As Regras da Classificação na F1
A classificação é dividida em três partes, nas quais os tempos sempre começam zerados. No Q1, que dura 18 minutos, os cinco carros mais lentos são eliminados. No Q2, que dura 15 minutos, outros cinco ficam pelo caminho e o Q3 define as 10 primeiras posições, em sessão de 12 minutos.
A escolha de pneus durante a sessão é livre. E todos os pilotos que chegam no Q3 ganham um jogo de pneus extra só para fazer essa última sessão. Depois, têm que devolver esse jogo. Essa foi uma iniciativa para impedir que aqueles carros que já sabem que não vão conseguir nada além da nona ou décima posições deixem de ir à pista.
A partir do momento em que o carro sai do box para sua primeira volta na classificação, ele automaticamente entra em regime de parque fechado, e muito pouco pode ser feito para melhorar seu desempenho – são permitidas mudanças de pressão de pneu e ajustes de asa e há configurações de motor que o piloto pode alterar no próprio volante. E, em caso de quebra, pode-se fazer reparos. Isso é checado por um fiscal da FIA, que permanece o tempo todo dentro da garagem. No entanto, qualquer peça que seja trocada tem que ser da mesma especificação. Caso contrário, o piloto tem que largar dos boxes.

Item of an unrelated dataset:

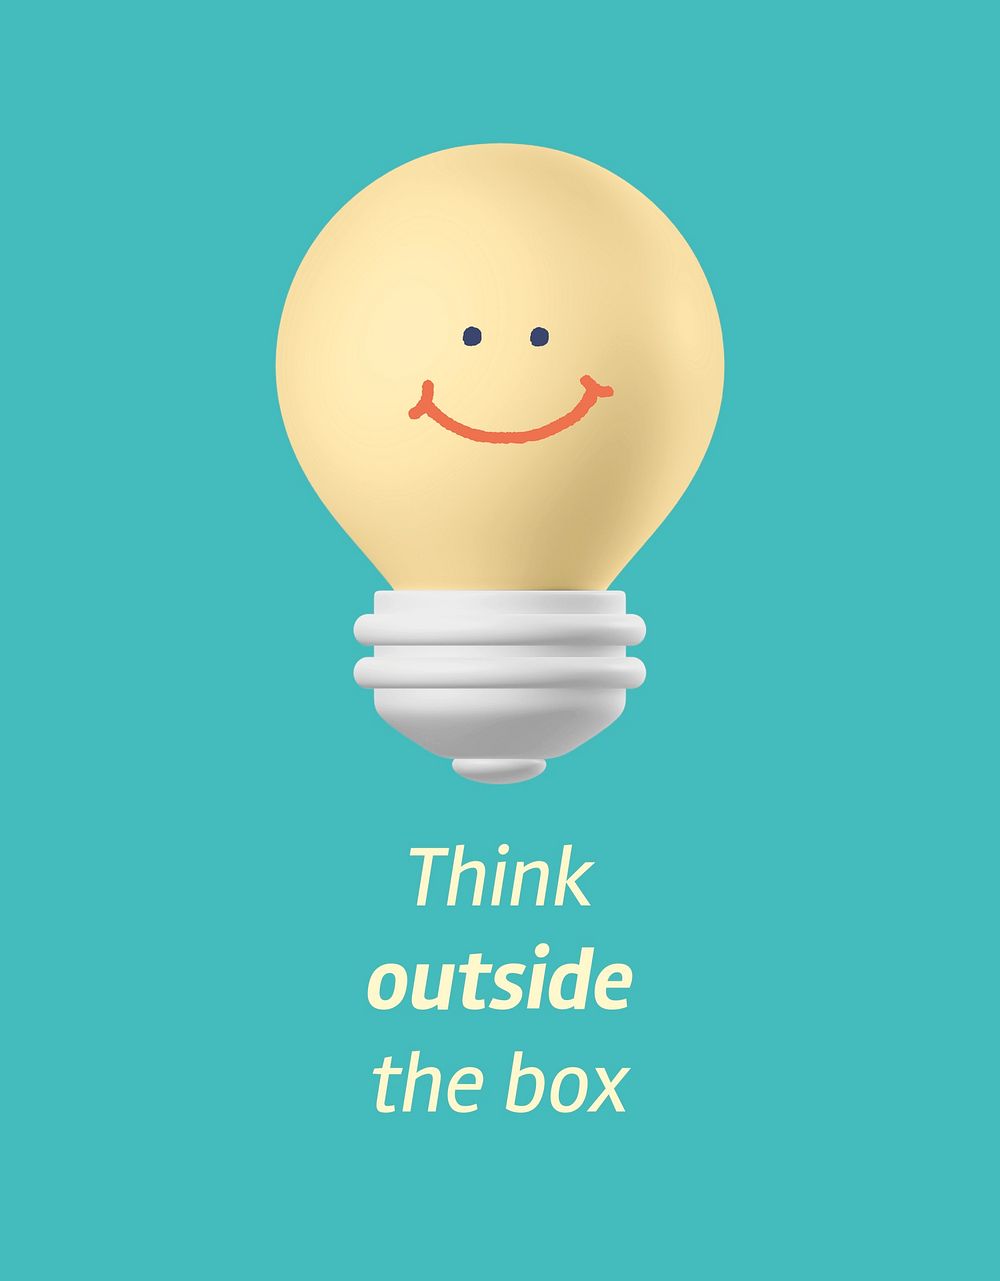 Smiling light bulb flyer template, think outside the box quote vector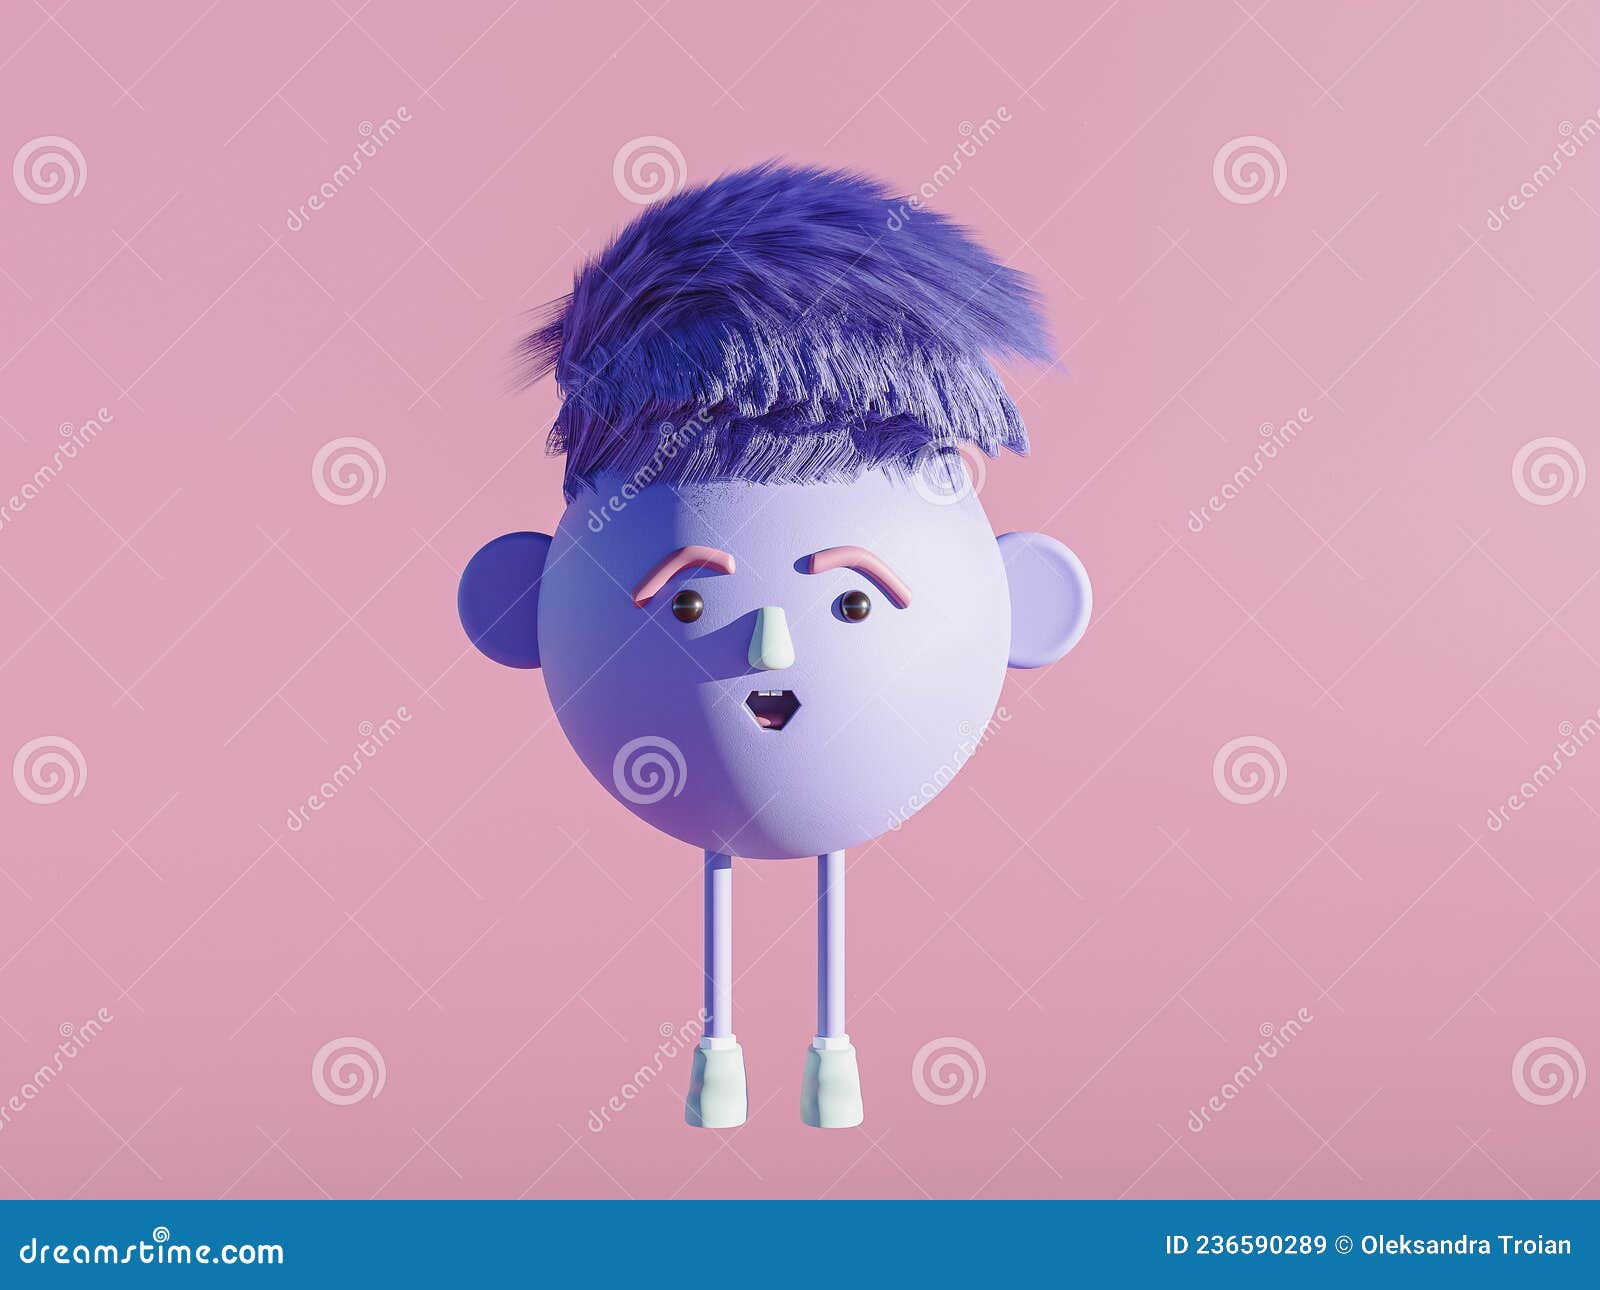 3d Render of Funny Cute Cartoon Character with Funny Hair Style. Socked or  Surprised Face Expression Stock Illustration - Illustration of humor,  cartoon: 236590289

Existe um limite de 107%, ou seja, um piloto não é classificado se seu tempo for 7% pior que a melhor marca da sessão (Q1, no caso). Mas se a equipe comprovar com os tempos dos treinos livres, por exemplo, que ele poderia ter feito melhor, isso não é aplicado.
Os carros podem ser reabastecidos durante a classificação?
Sim, desde que o carro esteja dentro dos boxes. Não é permitido reabastecer o carro quando ele está no pitlane. É por isso que as equipes recolhem os carros entre uma tentativa e outra, e esse meio tempo em que há o reabastecimento e a troca de pneus dentro dos boxes é chamado de turnover.
Mas há um tipo de situação em que vale a pena sair com o carro mais pesado, com combustível para mais do que uma ou duas voltas rápidas: quando está chovendo ou muito perto de chover. Nesse contexto, o segredo é estar na pista no momento em que a condição estiver a melhor possível, e isso significa ficar na pista o maior tempo possível, então os pilotos dão uma sequência maior de voltas e precisam de combustível para isso.
Entenda a estratégia de pneus na classificação
Cada piloto recebe 13 jogos de pneus (dois duros, três médios e oito macios), mas tem de devolver dois jogos após cada sessão de treino livre e chega à classificação com sete jogos, sendo que todos os que forem ao Q3 recebem o jogo extra. Um jogo de pneus macios será devolvido após a definição do grid (no caso dos pilotos do top 10, dois jogos) e então os pilotos terão 6 jogos (usados ou novos) para a corrida.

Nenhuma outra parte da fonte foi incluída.